Taiwan and Korea: The Hidden Engine
Two countries that most investors would not instinctively place alongside Brazil or India dominate the index. Taiwan and South Korea together account for around 50% of the MSCI Emerging Markets index. Both retain certain currency and market-access restrictions that Marquette Associates and others note keep them outside MSCI’s developed-markets classification, even as their economies are wealthier and more sophisticated than several countries that do qualify. On 2026 year-to-date figures, Taiwan represents roughly 27% of the index and South Korea around 23%.
Within those country weights, three stocks do the heavy lifting. Taiwan Semiconductor (TSMC), Samsung Electronics and SK Hynix together account for almost 30% of the entire MSCI Emerging Markets index. TSMC alone represents 55% of the MSCI Taiwan index; Samsung Electronics and SK Hynix together account for 60% of the MSCI Korea index. All three are direct beneficiaries of the AI hardware buildout: TSMC fabricates the leading-edge chips that Nvidia and others design, while Samsung and SK Hynix supply the high-bandwidth memory that AI accelerators require.
The concentration in these names is a relatively recent development. Callan’s analysis of emerging-market index construction shows that in 2016 and 2017, the single largest constituent was only around 3% to 4% of the index, the top ten names together made up roughly 23%, and the four largest country weights combined to approximately 63%. The index is also the benchmark for more than $1 trillion in assets under management, which means the concentration risk is systemic for a large pool of institutional capital.

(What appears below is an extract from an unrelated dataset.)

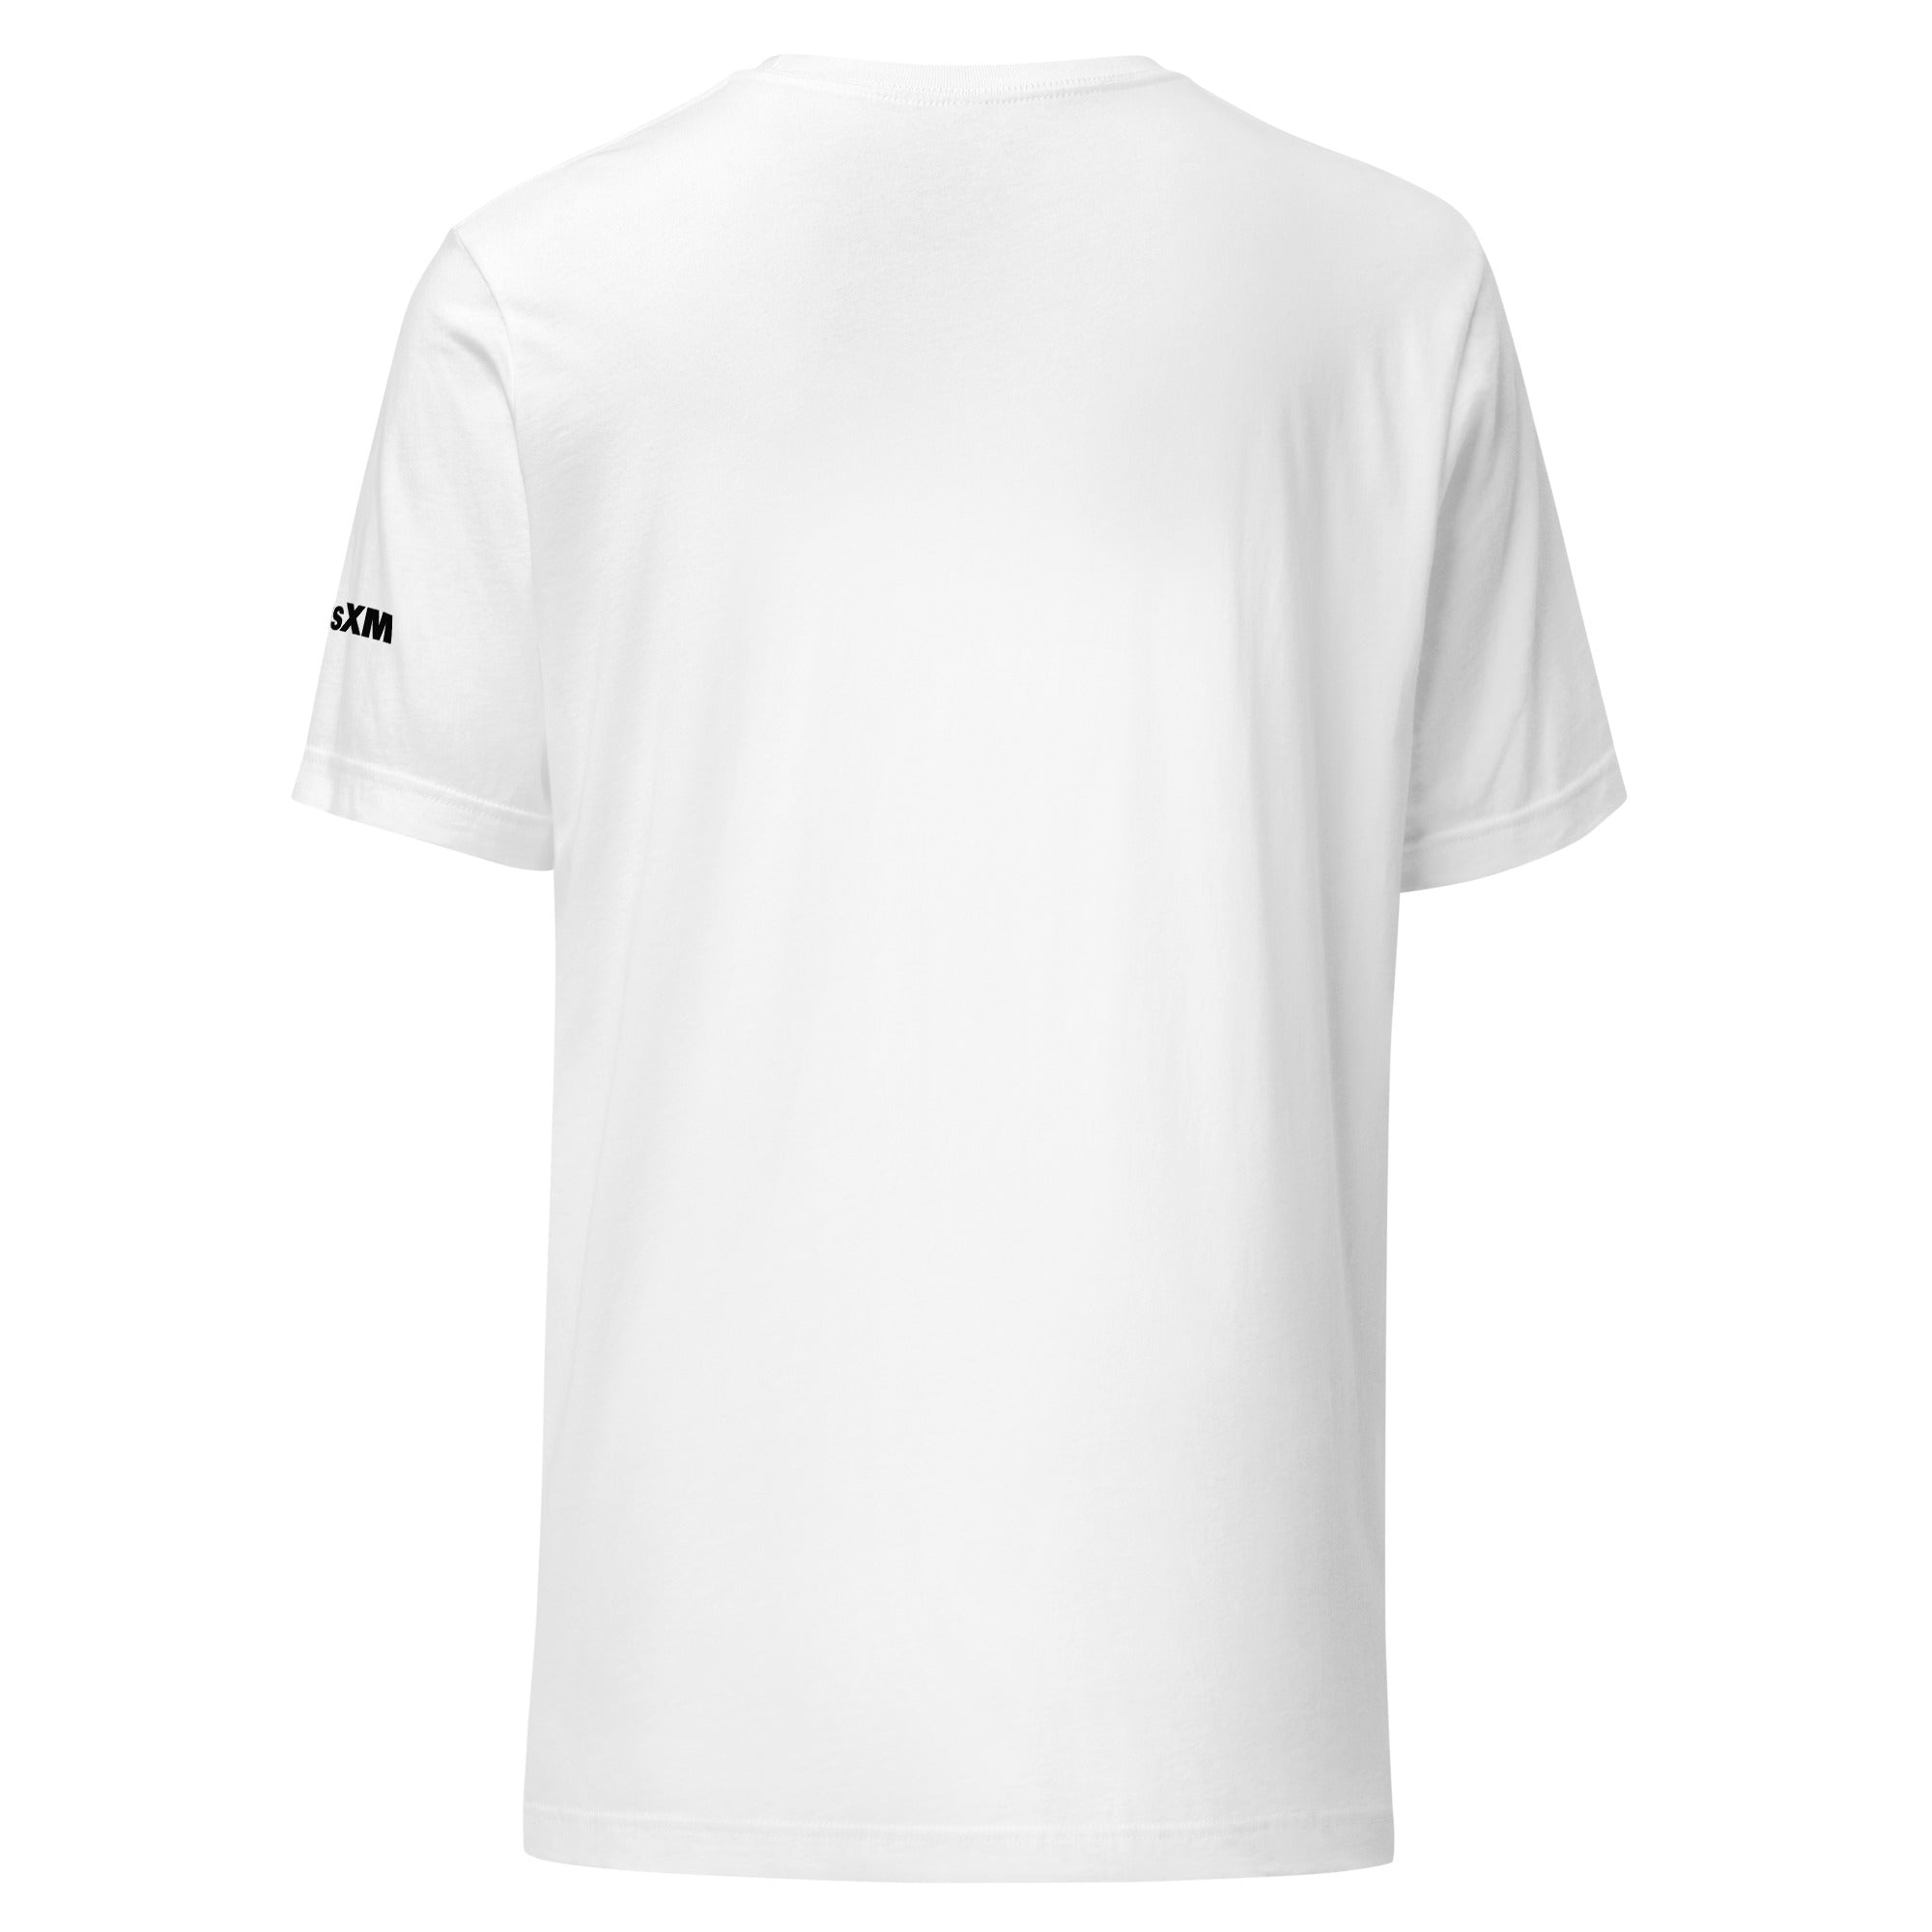 Utopia: T-shirt (White)

| Stock / Country | Weight in MSCI EM (approx.) | AI exposure |
|---|---|---|
| TSMC | ~15% of index; 55% of MSCI Taiwan | Advanced chip fabrication |
| Samsung Electronics | Part of ~30% combined with SK Hynix; 60% of MSCI Korea combined | HBM memory, foundry |
| SK Hynix | As above | High-bandwidth memory |
| Taiwan (country) | ~27% (2026 YTD) | Semiconductor supply chain |
| South Korea (country) | ~23% (2026 YTD) | Memory, display, components |
The MSCI Emerging Markets Index: A Concentrated AI Bet
TSMC’s earnings profile has been revised sharply upward to reflect AI demand. VanEck’s first-quarter 2024 emerging-markets commentary noted that TSMC saw upward earnings forecast revisions early in the period, with one-year EPS growth projections exceeding 20%. For investors holding a broad emerging-market fund, this has been a windfall. The corollary is that the index no longer behaves like a diversified developing-world exposure: it is, in material part, a play on the same AI capex cycle lifting the Nasdaq.

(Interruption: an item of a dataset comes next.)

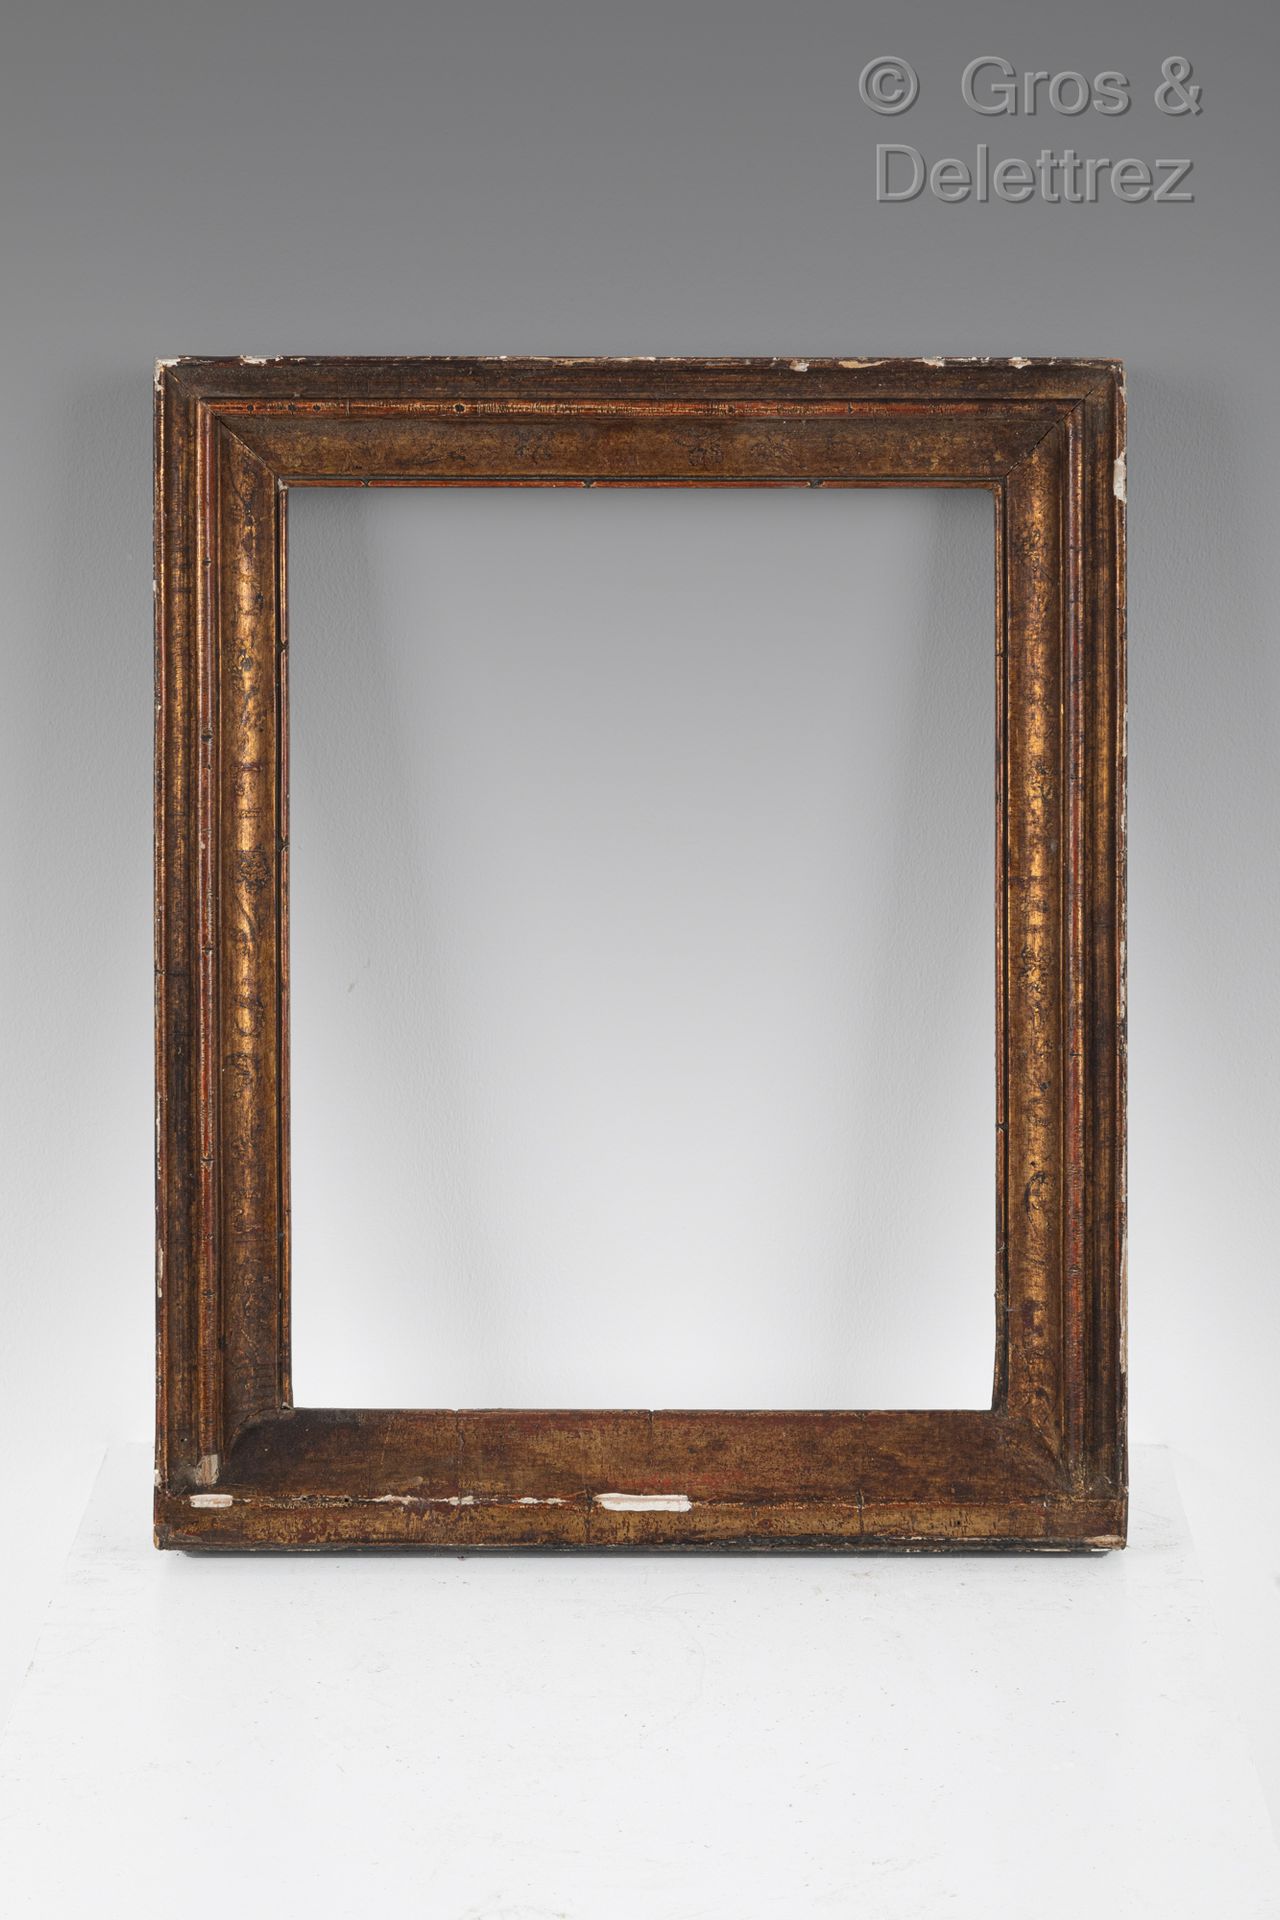 Null 镀金和模制的木制帐幕框架。

19世纪

24,2 x 18,5 x 3,5厘米。

China’s diminished weight reinforces this picture. Marquette Associates tracks China’s index weight peaking at 29.7% in 2020, falling to 19.7% on 2026 year-to-date data. Geopolitical friction, regulatory crackdowns and weaker domestic growth have all compressed China’s share, leaving the AI semiconductor names in Taiwan and Korea to fill the gap.
Diversification Requires a Different Mandate
Investors who want genuine geographic and sector diversification within emerging markets will not find it in a broad index fund. The two investment trusts most obviously positioned to offer it are BlackRock Frontiers (LSE: BRFI) and Barings Emerging EMEA Opportunities (LSE: BEMO). BEMO’s mandate is to achieve capital growth principally through investment in emerging and frontier equity securities across Eastern European, Middle Eastern and African markets. The trust runs a concentrated portfolio of around 35 high-conviction stocks, according to BEMO’s published factsheet. The management team at Barings expanded with Alay Patel joining as co-portfolio manager alongside Matthias Siller and Adnan El-Araby, bringing eleven years of experience on the Barings Emerging Equities Team.
Neither BRFI nor BEMO has kept pace with a broad MSCI Emerging Markets index tracker this year. The absence of AI semiconductor exposure is the arithmetic reason; the ongoing uncertainty across parts of the Middle East and Africa has not helped. That underperformance is the price of the diversification they provide.
There is no pressing case to rotate out of broad emerging-market exposure while the AI capex cycle continues. The question worth tracking is what happens to the index if that cycle stalls: a meaningful derating of TSMC, Samsung and SK Hynix would transmit directly into any fund benchmarked against the MSCI Emerging Markets index, regardless of how the underlying economies of Brazil, India or South Africa are performing. The next earnings cycle from the major US hyperscalers, and any shift in their AI infrastructure spending guidance, is the trigger to watch.